• EXERCISE PROMPT
A precise copy of the data is required, with every picture left out.

• DATA SHOWN
===
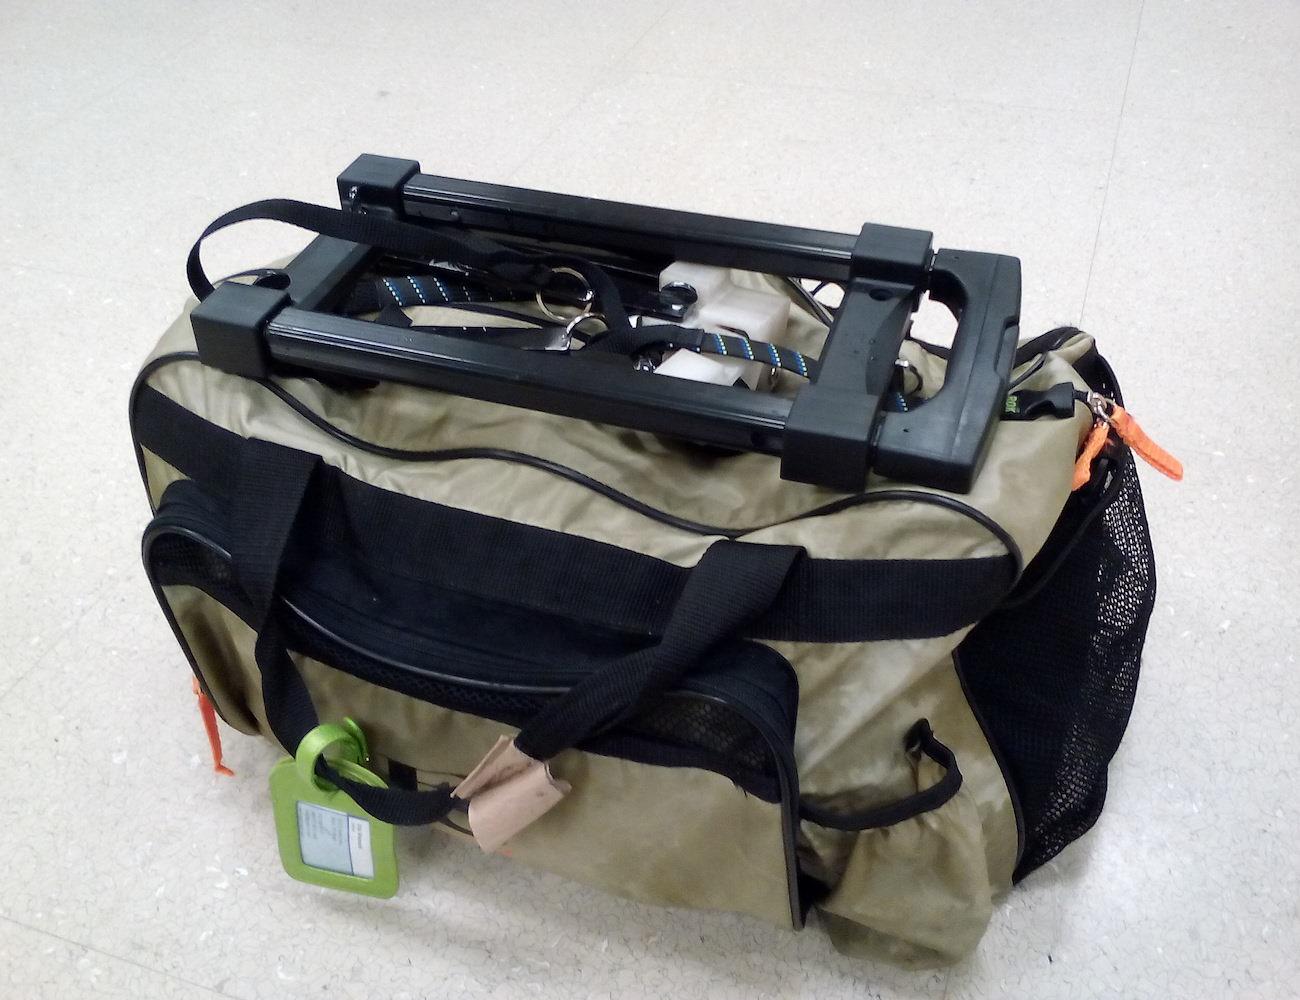 KwikT – Compat Mini Trolley For Smart Travelers
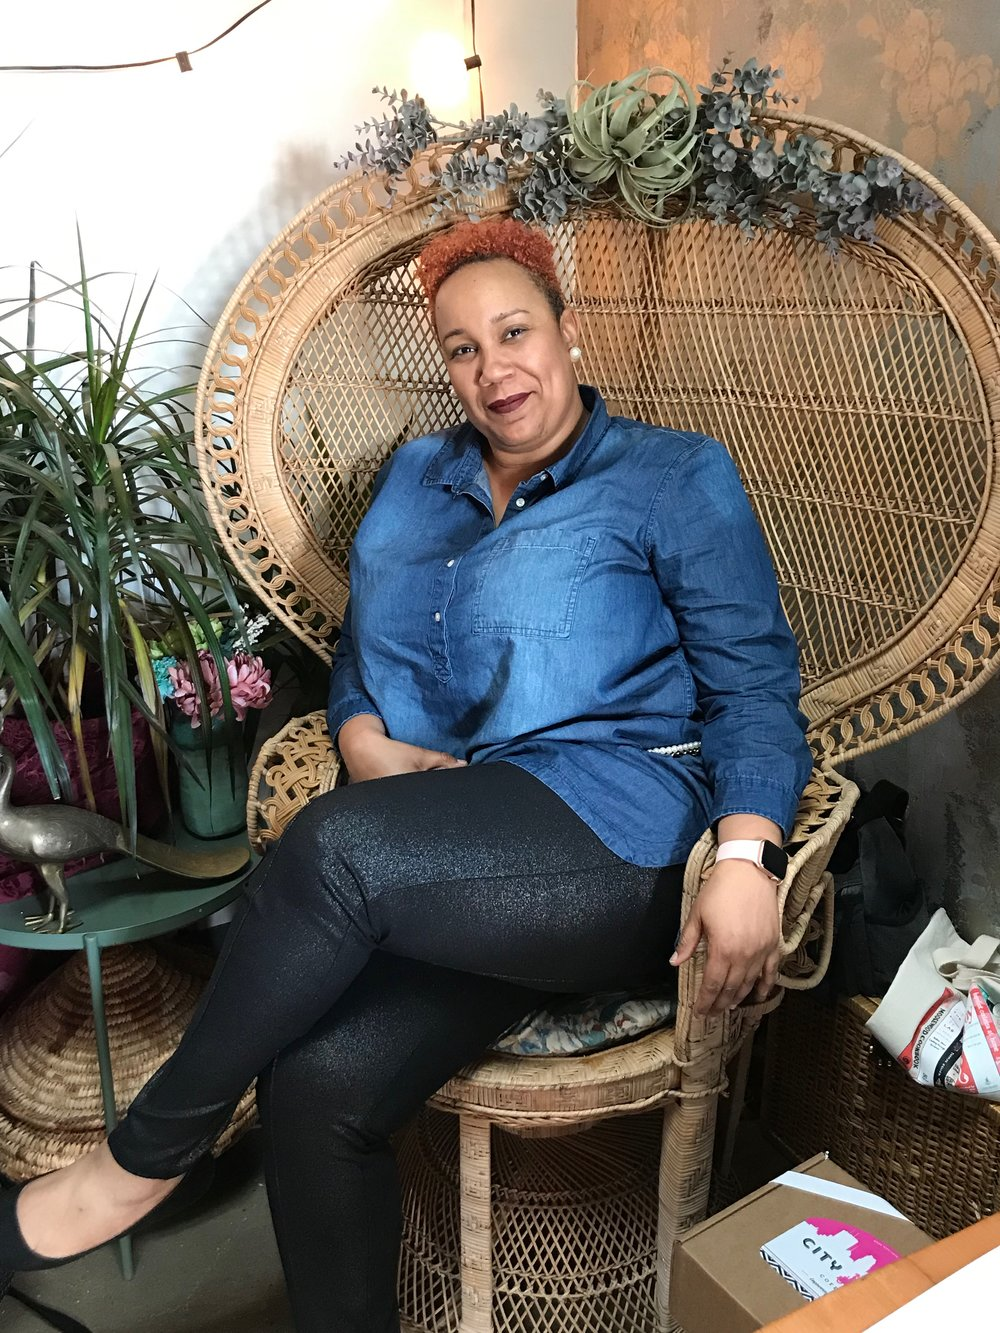 Founder of SheChef Elle Simone
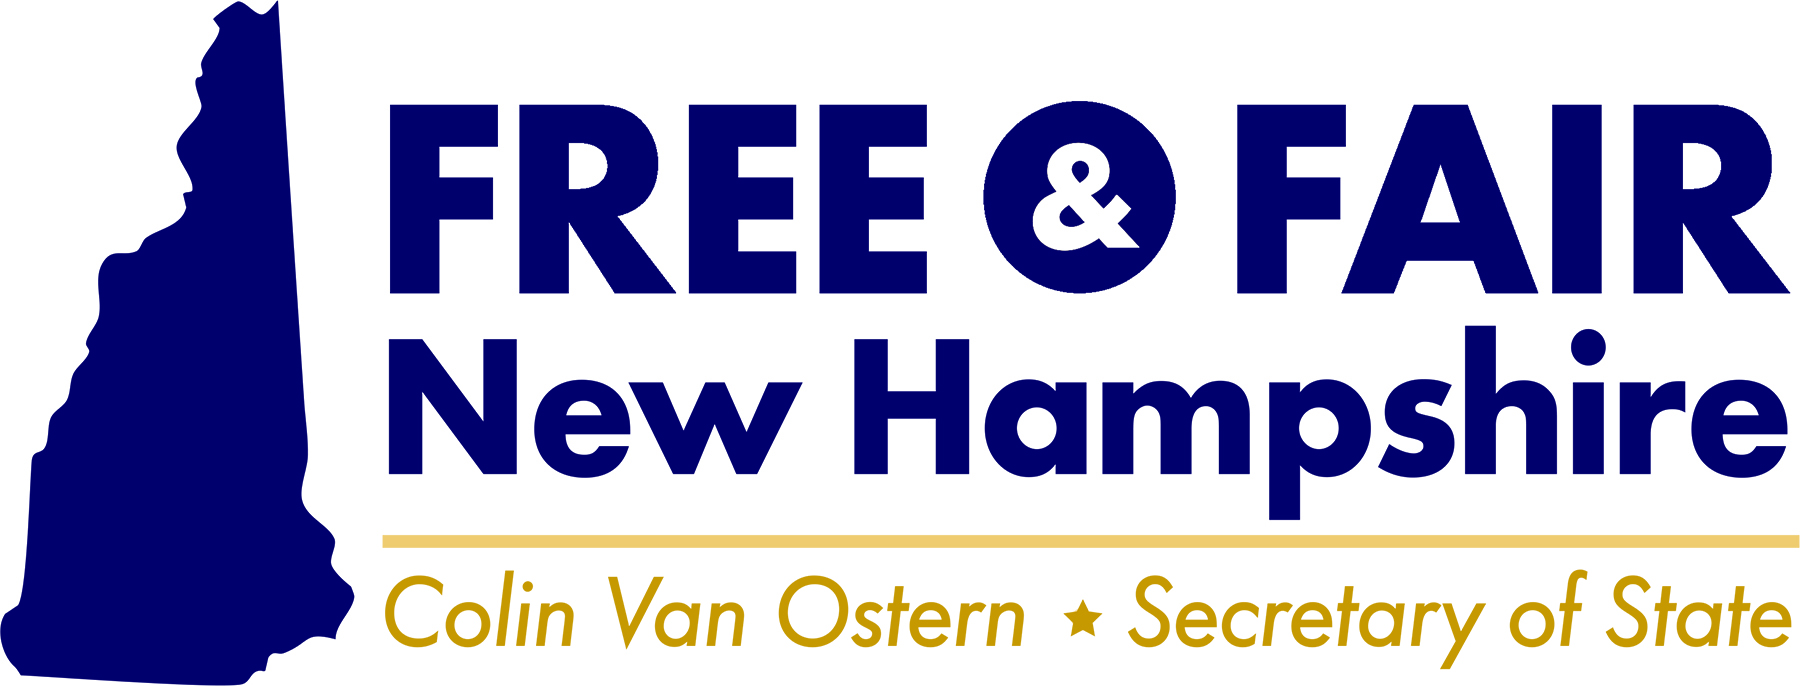 Free & Fair New Hampshire
===
• WRITTEN SOLUTION
 KwikT – Compat Mini Trolley For Smart Travelers
 Founder of SheChef Elle Simone
 Free & Fair New Hampshire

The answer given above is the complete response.